In the staff room teachers were scraping their chairs back from the table, filling their briefcases and heading home.
“Give them five minutes to get away,” said Charlie, stretching his legs and yawning. “Then the coast’ll be clear and we can split.”
It was at this point that something very odd happened. I’d picked up the walkie-talkie and was about to turn the thing off when it said, “Bretnick,” in a woman’s voice.
I shook it, thinking one of the wires had come loose.
“Toller bandol venting,” said a man’s voice.
“Charlie,” I whispered. “Listen to this.”
He walked over and crouched down in time to hear the woman’s voice say, “Loy. Loy garting dendle. Nets?”
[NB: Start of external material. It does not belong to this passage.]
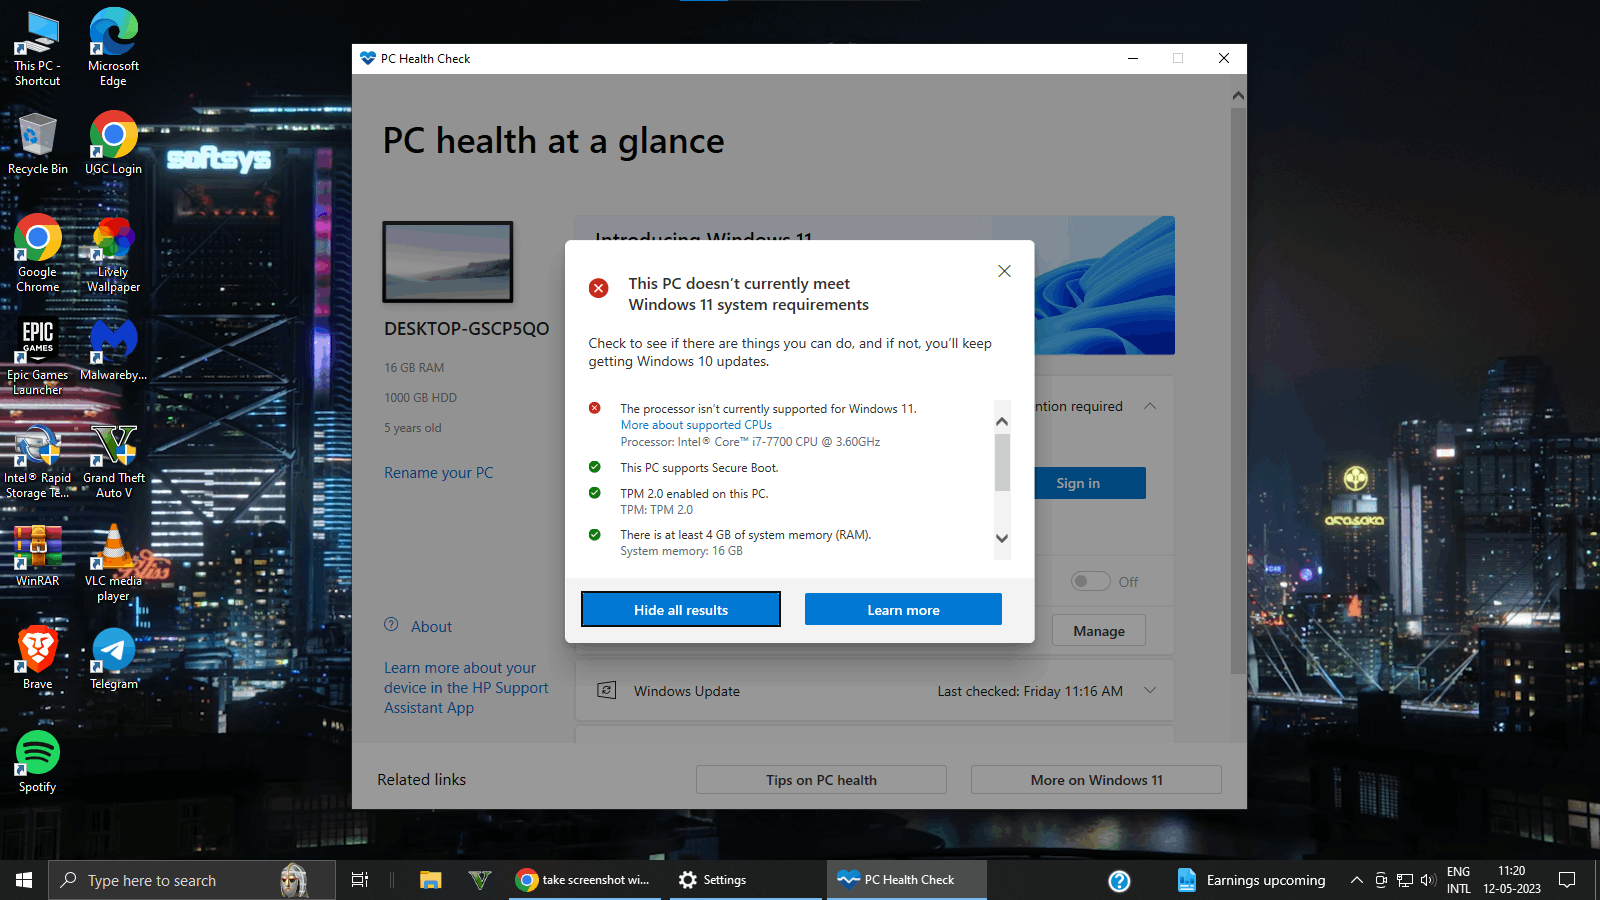 Not sure if your PC is compatible with Windows 11? Here's how to

Our jaws dropped and our eyes widened.
“Zorner.”
“Zorner ment. Cruss mo plug.”
“Bo. Bo. Tractor bonting dross.”
“Are you hearing what I’m hearing?” asked Charlie.
“I am. But who is it?”
Charlie listened carefully. “That’s Mrs Pearce.”
“Wendo bill. Slap freedo gandy hump,” said Mrs Pearce.
“God, you’re right. But who’s the other one?” I turned the volume up and concentrated.
“Zecky?” said the man’s voice. “Spleeno ken mondermill.”
“It’s Mr Kidd,” I said.
“I think my head is about to explode,” said Charlie.
“Wait…” I fiddled with every knob on the walkie-talkie. I took the batteries out and put them in again. There was no getting away from it. Our art teacher and our history teacher were standing in the empty staff room saying “Tractor bonting dross,” and “Slap freedo gandy hump,” to each other like it was the most natural thing in the world.